# What you will do
The answer must be the full listing, retyped exactly.

# Available data

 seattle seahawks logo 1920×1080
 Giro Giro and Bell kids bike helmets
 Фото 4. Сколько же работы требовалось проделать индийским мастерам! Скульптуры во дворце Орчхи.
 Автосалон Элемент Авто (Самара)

# Problem solution
 seattle seahawks logo 1920×1080
 Giro Giro and Bell kids bike helmets
 Фото 4. Сколько же работы требовалось проделать индийским мастерам! Скульптуры во дворце Орчхи.
 Автосалон Элемент Авто (Самара)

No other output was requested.